Department of Diagnostic Radiology, Cheju National University College of Medicine, Korea. 67kbs@medimail.co.kr
Department of General Surgery, Cheju National University College of Medicine, Korea.
Department of Pathology, Cheju National University College of Medicine, Korea.
Department of Pediatrics, Cheju National University College of Medicine, Korea.
Abstract

PURPOSE: We wanted to evaluate the usefulness of the inner hypoechoic band in pediatric appendices as an ultrasonographic criterion to exclude or confirm acute appendicitis. MATERIALS AND METHODS: Among the 169 consecutive children with right lower abdominal pain, the 149 appendices depicted on US were prospectively evaluated for an inner hypoechoic band in the appendiceal walls. The sensitivity, specificity, positive and negative predictive values and accuracy were assessed for loss of the inner hypoechoic band as a diagnostic criterion for acute appendicitis. RESULTS: The appendices in 12 (25%) patients with acute appendicitis show entire inner hypoechoic bands and those in 36 patients (75%) did not. The appendices in 97 (96%) patients without acute appendicitis showed entire inner hypoechoic bands, and those in 4 (4%) did not.
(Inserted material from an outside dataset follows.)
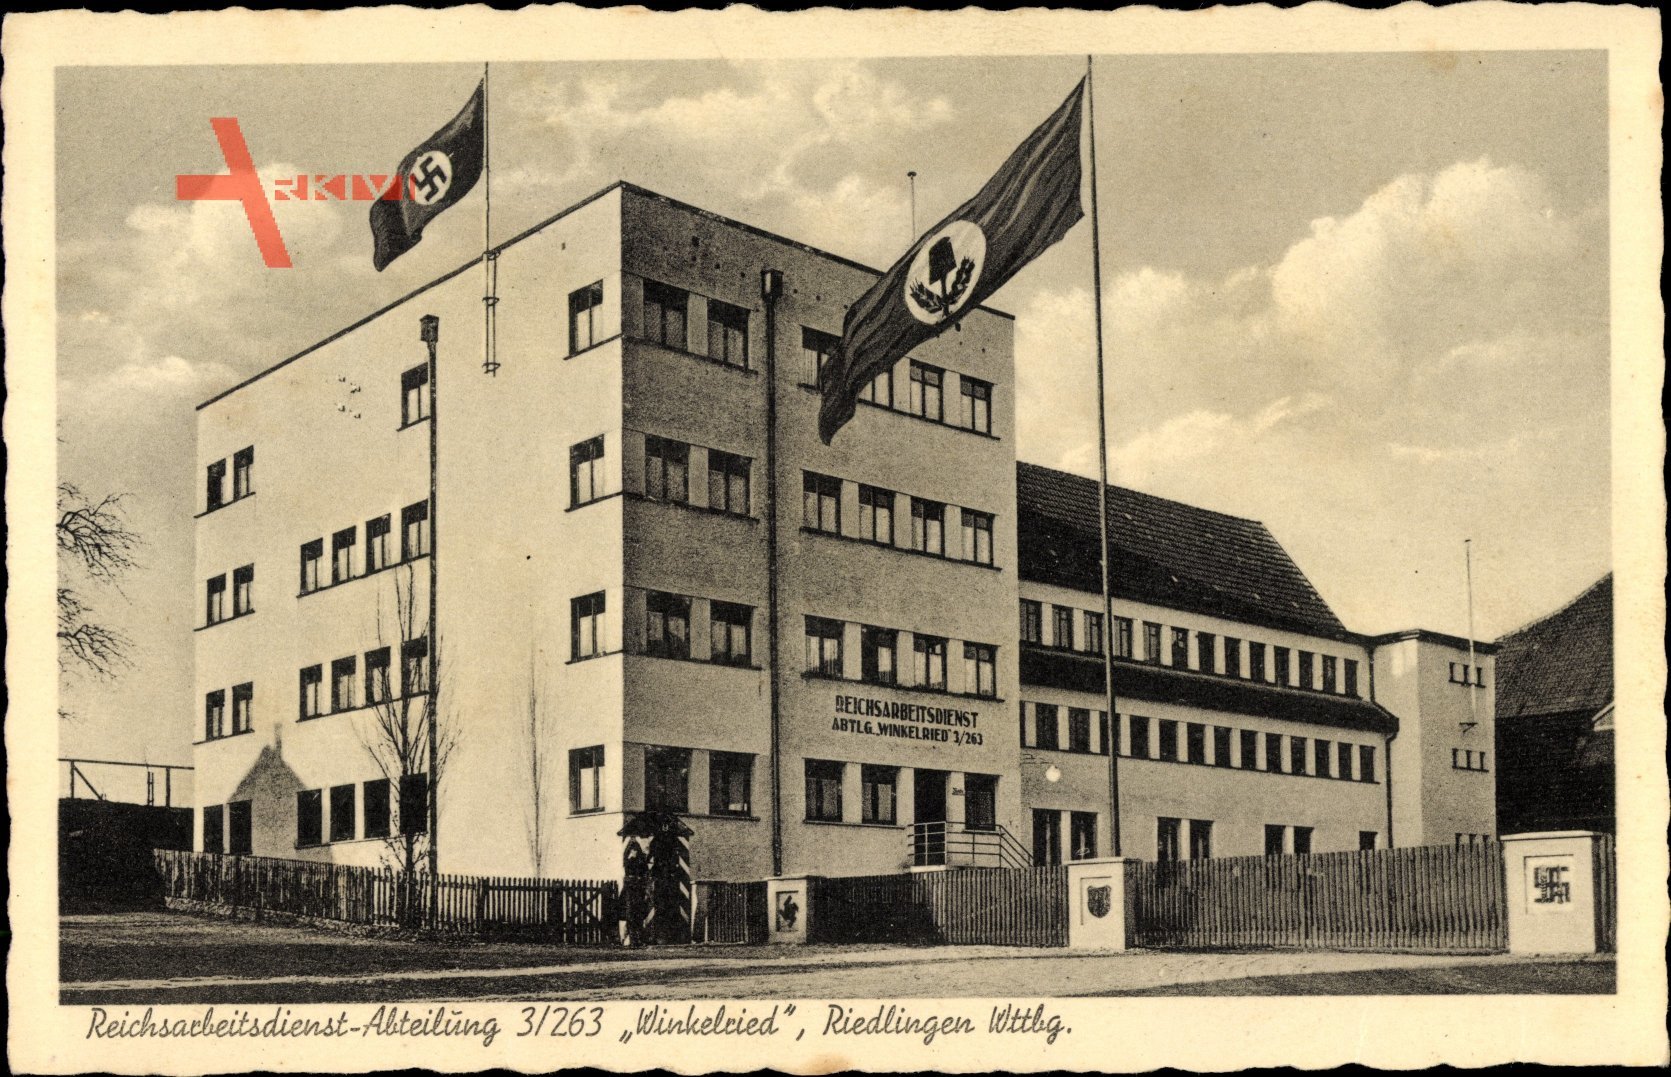 Riedlingen in der Schwäbischen Alb, Reichsarbeitsdienst Abteilung 3/263 Winkelried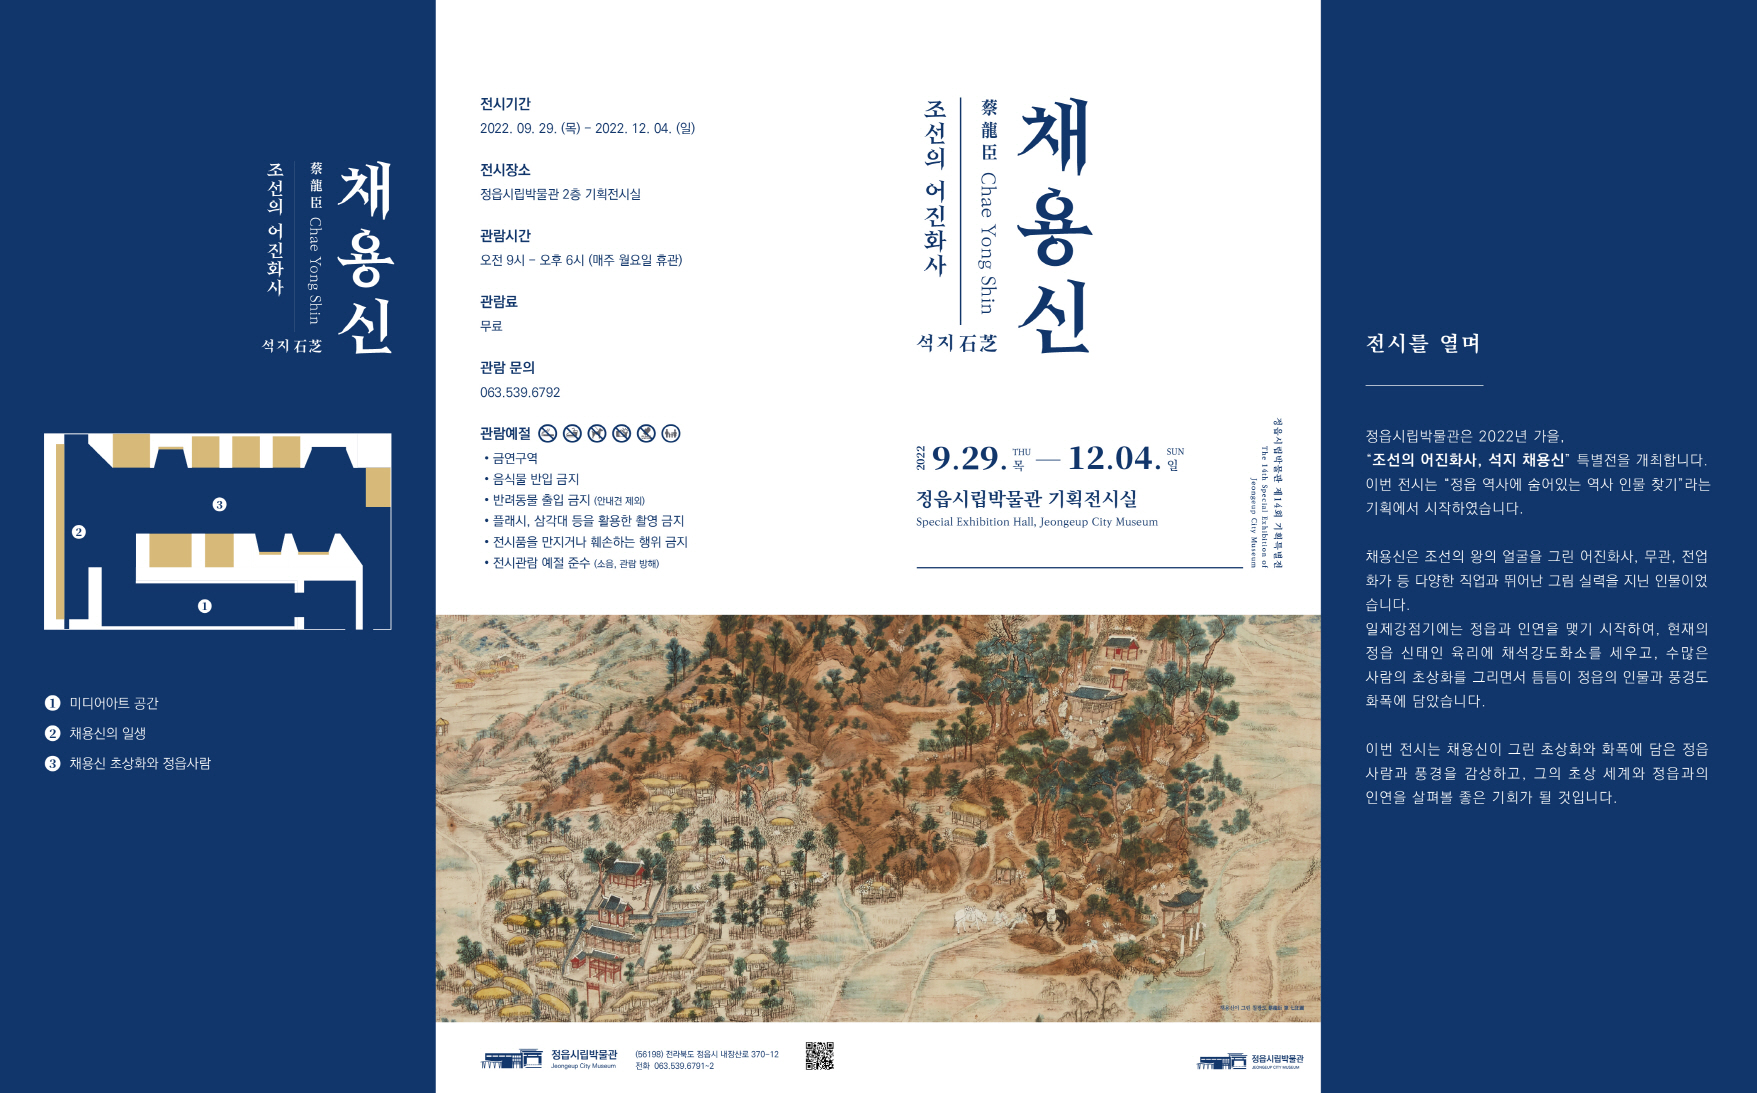 제14회 기획특별전 조선의 어진화사, 석지 채용신

The loss of inner hypoechoic band confirmed acute appendicitis with a sensitivity of 75%, a specificity of 96%, positive and negative predictive values of 89% and 90%, respectively, and an accuracy of 89%. The thickness of the inner hypoechoic band in patients without appendicitis was significantly higher than that in patients with appendicitis (p = 0.03). CONCLUSION: The visualization of entire thickened inner hypoechoic band in the appendiceal wall helps to rule out acute appendicitis. However, the loss of the inner hypoechoic band is suggestive of acute appendicitis.